Desporto

Dérbi: O terceiro é na Taça

O costa-riquenho Bryan Ruiz chegou na quinta-feira a Lisboa depois de 13 horas de voo e mais umas quantas passadas em quatro aeroportos. O avançado do Sporting foi ao outro lado do Atlântico jogar pela seleção e, após o duelo de terça-feira à noite no Panamá (acabou pelas 3h30 em Portugal), iniciou a longa viagem de regresso: do Panamá para a Costa Rica, do país natal para Madrid e daqui para Lisboa.

Ruiz é o exemplo mais extremo do desgaste a que foram submetidos nove jogadores do Sporting e outros tantos do Benfica em vésperas do terceiro dérbi da temporada, por causa dos compromissos das equipas nacionais.

Ao contrário do costa-riquenho, que realizou dois jogos completos entre sábado e terça-feira, os outros três internacionais ‘obrigados’ a viagens transatlânticas acabaram por ser mais poupados dentro de campo: o colombiano Teo Gutiérrez, também do Sporting, esteve em ação 58 minutos, enquanto, do lado do Benfica, o mexicano Raúl Jiménez acumulou 103 minutos e o argentino Nico Gaitán ficou-se pelos 20.

Os jogadores habituaram-se a viagens de longo curso para representarem as seleções e, a ressentirem-se de algum cansaço no dérbi de hoje para a Taça de Portugal, deverá ser apenas numa fase mais adiantada do jogo. Mas para Jorge Jesus e Rui Vitória, mais do que a gestão de um ou outro caso de maior desgaste físico, a principal condicionante resulta de não terem conseguido preparar o duelo com toda a equipa.

O técnico dos leões esteve privado de Rui Patrício, William Carvalho, João Mário e Slimani, além dos outros dois titulares já referidos e dos jovens Tobias, Gelson e Mané. Já o homólogo da Luz não pôde contar com cinco primeiras escolhas, casos de Eliseu, Samaris, Guedes, Mitroglou e o já citado Gaitán, e ainda Ederson, Renato Sanches, Nuno Santos e Jiménez. Só no treino de hoje é que Jesus e Vitória terão à disposição o plantel completo, sem jogadores em recuperação. Pouco para um jogo desta importância.
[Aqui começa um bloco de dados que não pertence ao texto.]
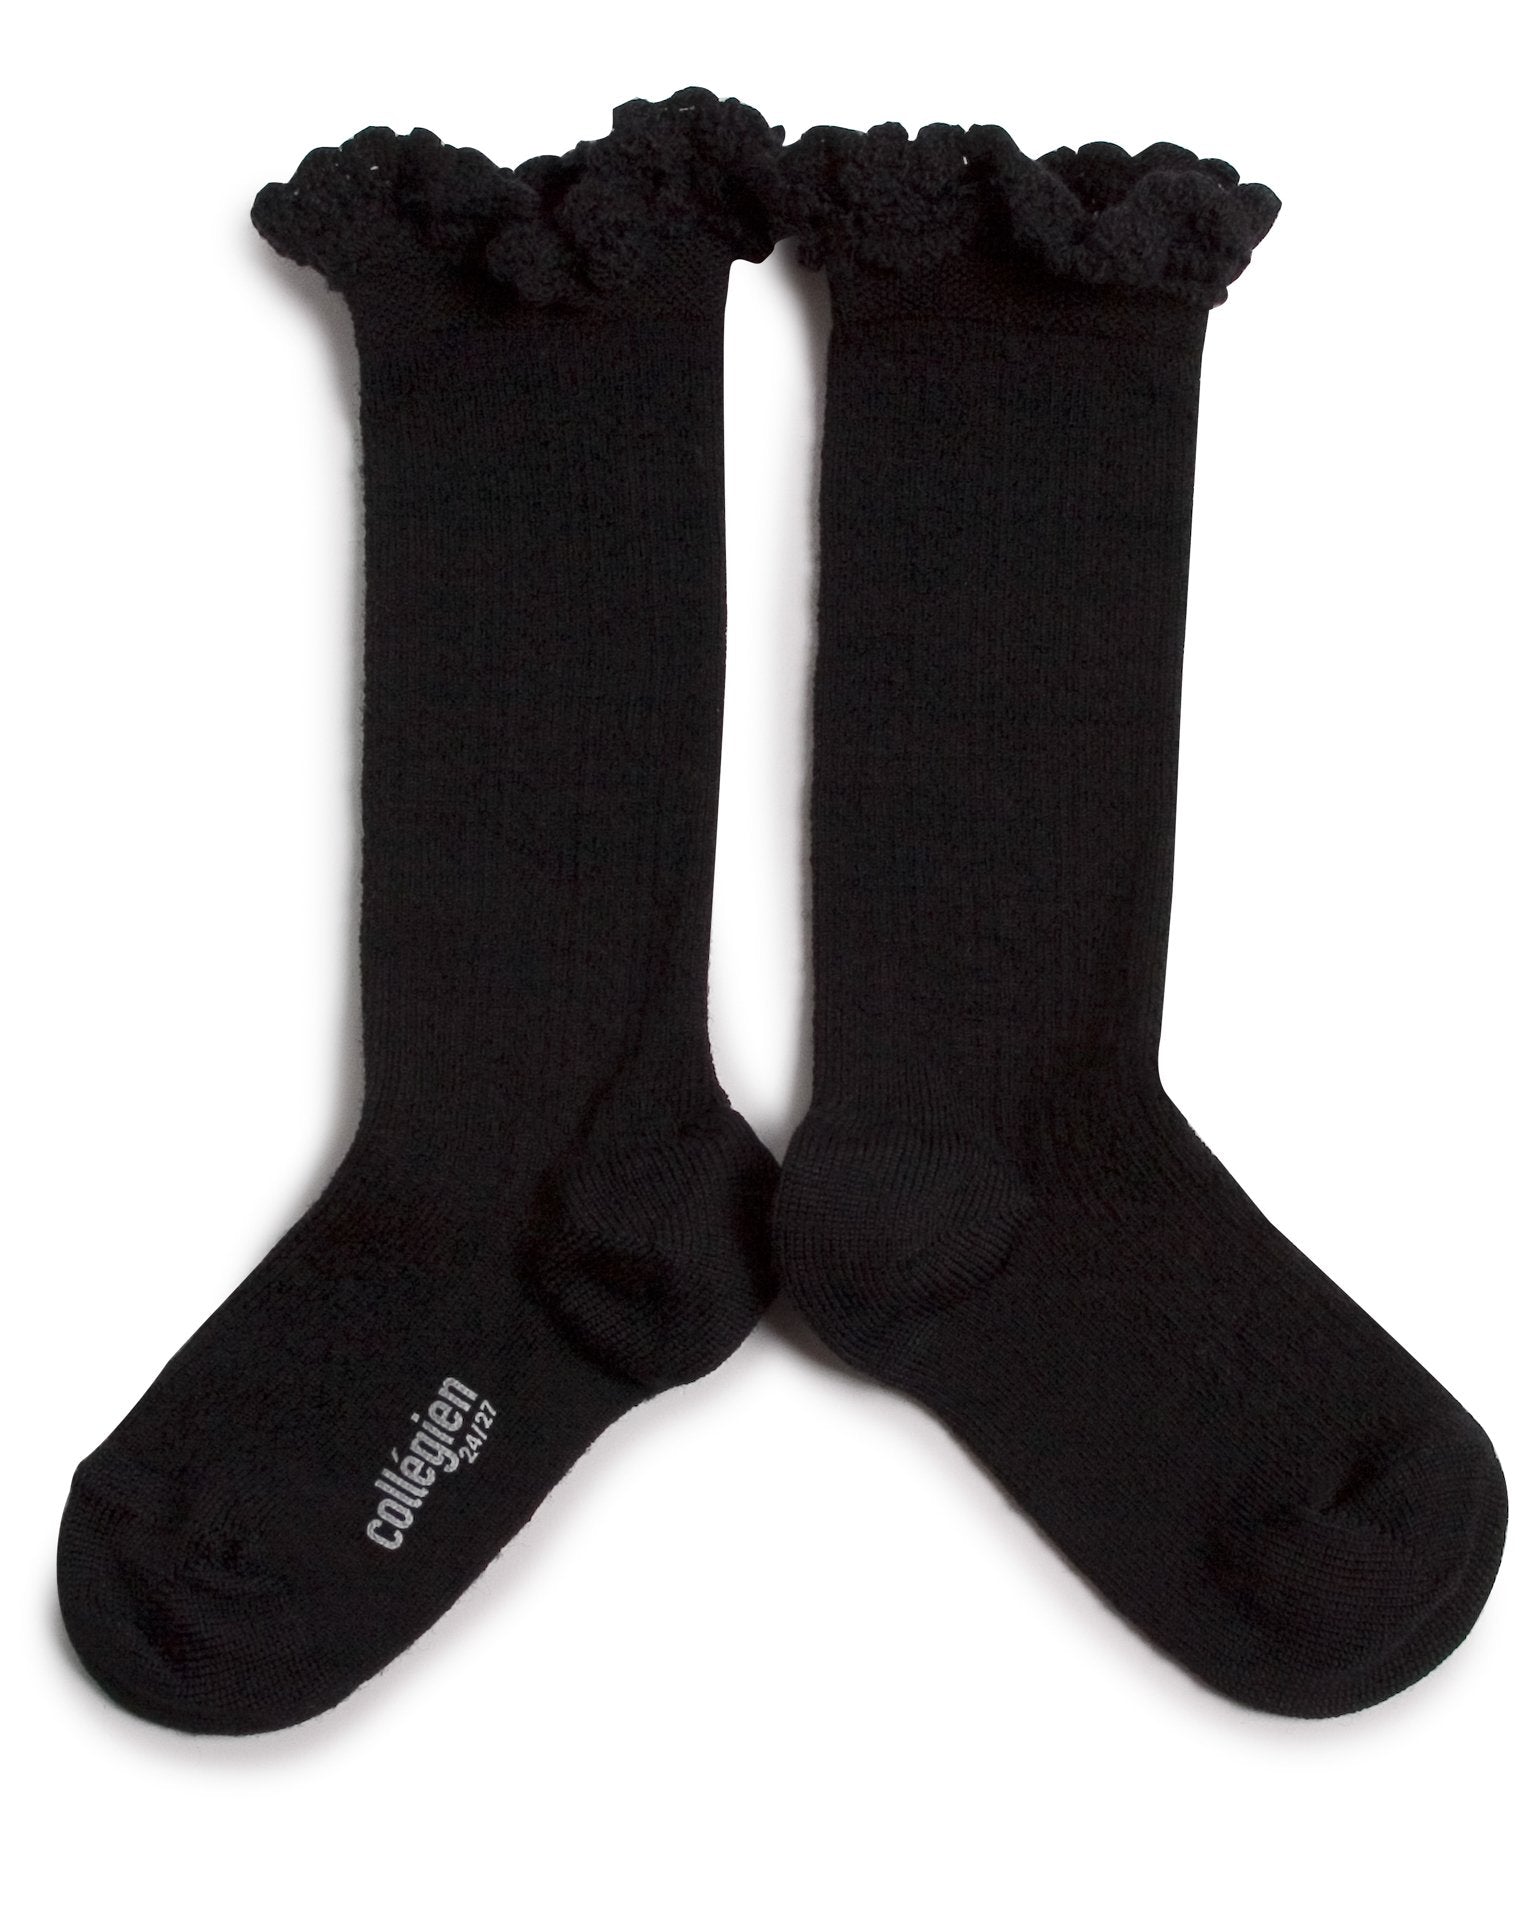 Little collegien accessories adeline knee socks in noir de charbon

Aqui ganha maior relevância a estratégia que o Benfica vai apresentar em Alvalade. Depois de duas derrotas com o rival lisboeta, na Supertaça e no Campeonato, seria de admitir uma nova abordagem por parte de Rui Vitória. Mas como preparar um plano alternativo com meia equipa nas seleções? Por outro lado, se o dérbi mais recente, na Luz, correu mal com a aposta em dois pontas-de-lança - prevalecendo a forma como os encarnados têm vindo a jogar -, no do Algarve, que abriu a época, o treinador também se deu mal ao recorrer a mais um médio em detrimento de um segundo avançado.

Talvez por isso faça mais sentido manter Jonas e Mitroglou (ou Jiménez) na frente e mentalizar a equipa para, ao terceiro dérbi, neutralizar os antídotos que os leões têm privilegiado: pressão sobre o último reduto encarnado e contra-ataques rápidos após a recuperação de bola dentro do meio campo contrário.

Seja como for, com a mesma ou uma nova estratégia, Rui Vitória enfrenta maior pressão: em caso de derrota, se mudar é porque se amedrontou e se mantiver tudo na mesma é porque não aprendeu com os erros. Para Jorge Jesus, um desaire tem um peso menor: o Sporting está em risco na Liga Europa e sairia da Taça, mas enquanto liderar o Campeonato o estado de graça do treinador estará para durar.